Among the many scenes that captured me in the movie, were the scenes with her coach, perhaps because I’m a personal life coach. Raymond Asso basically turned her from a street singer into an international super star in the way that coaches work – recognizing the raw talent, seeing what needed to be done, giving feedback and motivation, and most of all sticking with the client as they do the work which quite often includes the phrase “I can’t.”
First he realized she needed a name change. Edith Gassion was not going to work. He suggested “Piaf” which meant little sparrow, fitting because Edith Piaf was only 4’8” tall.
Next he told her she needed to articulate and taught her how to spit the words out in a way that one critic describes as “an any note could be the last sort of conviction”. When she turns to the orchestra (in the movie) and tells them to play “Padam” you hear this. Padam … Padam … Padam… ( http://www.youtube.com/watch?v=R85LXfkdcWA ) When he told her to articulate, she said she could not sing that way, at which he gave her motivation. “Do what I say,” he told her, “or go back to the gutter.”
Motivation, however, we coaches know, is only temporary. What it boils down to is determination, and having someone join you in the difficult jou
ey is often the key to success. In the movie, we watch them working together for hours and hours and he encourages her when she becomes negative, tired, or both.
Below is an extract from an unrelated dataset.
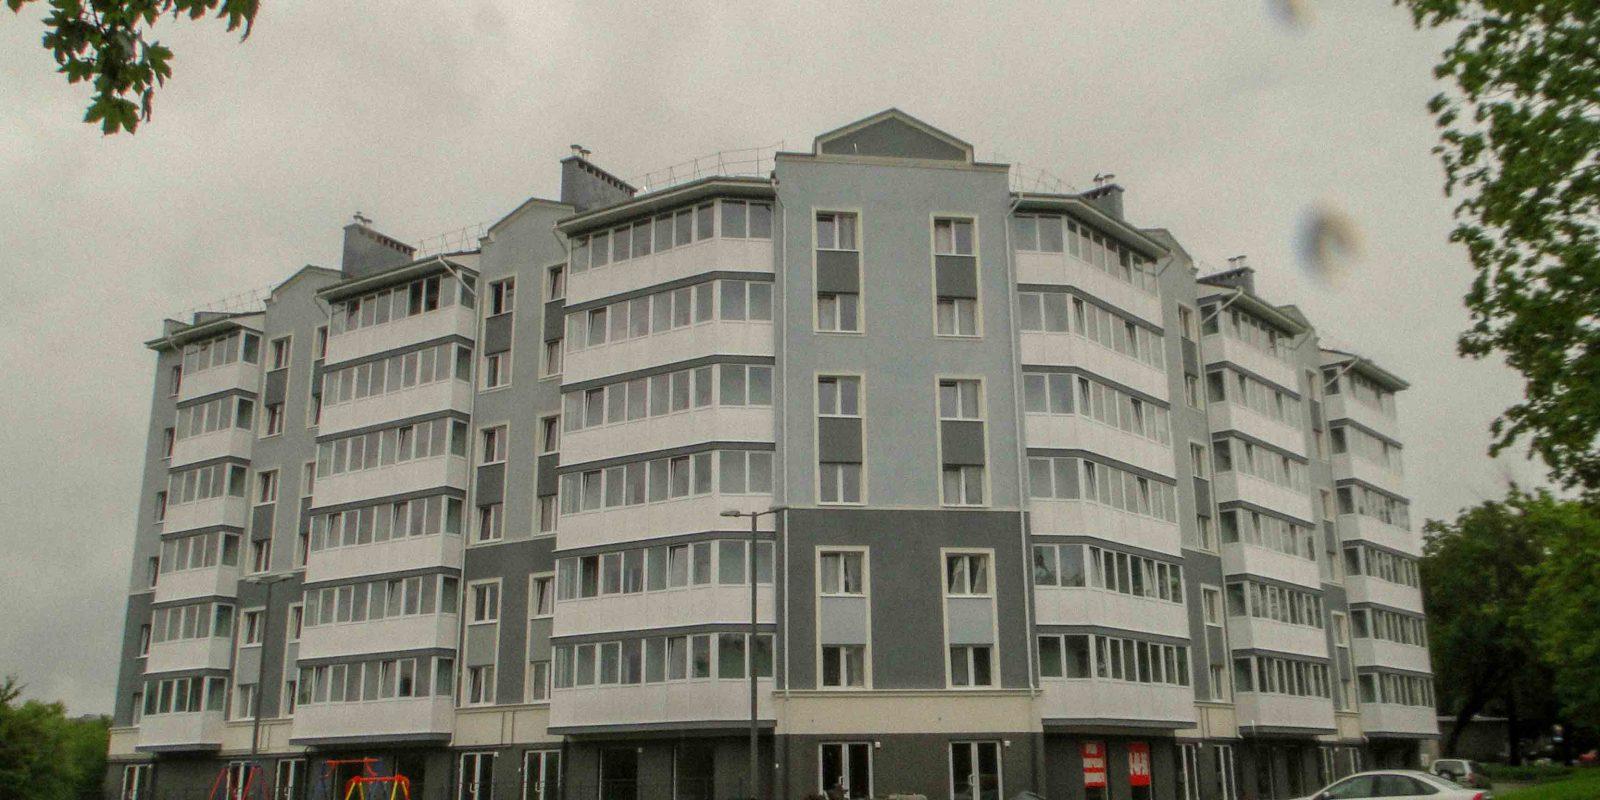 Приемка квартиры в новостройке, пр. Победы, д. 70Б

What a coach!
Raymond Asso also noticed the natural beauty of her hands, and taught her how to use them when she sang. If you watch the video of “Hymne a L’Amour” ( http://www.youtube.com/watch?v=NjR5xFZxZK8 ) you will see the incredible quality this brings to her performances. Her coach also wrote “Mon Legionnaire,” the song said to have made her a star.
Essentially what her coach did was develop the raw talent, so the lump of coal could become a diamond, true to its nature, but refined and polished. Edith Piaf said she learned everything from her coach about how to sing and perform.
Other life events intruded, one more painful than the next. The movie makes it clear that what kept Edith Piaf going was being able to sing on stage, before an audience. “Life without singing did not interest me,” she said. The voice and natural talent were given to her, but it is entirely likely that without the expert guidance and support of her coach, she would have remained singing “in the gutter,” without the audience she desired, and none of us would have had the opportunity to hear this truly unique singer.
Hymne a L’Amour, by the way, was voted the No. 4 most beautiful French song ever written. It is about Marcel Cerdon, the boxer, who was the great love of Edith Piaf's life. She recorded it early in 1949, and Marcel Cerdon died in a plane crash in October of that year. While the song defies literal translation, the cover in the US is called “If You Love Me (Really Love Me), and the last line is “God reunites those who love each other.”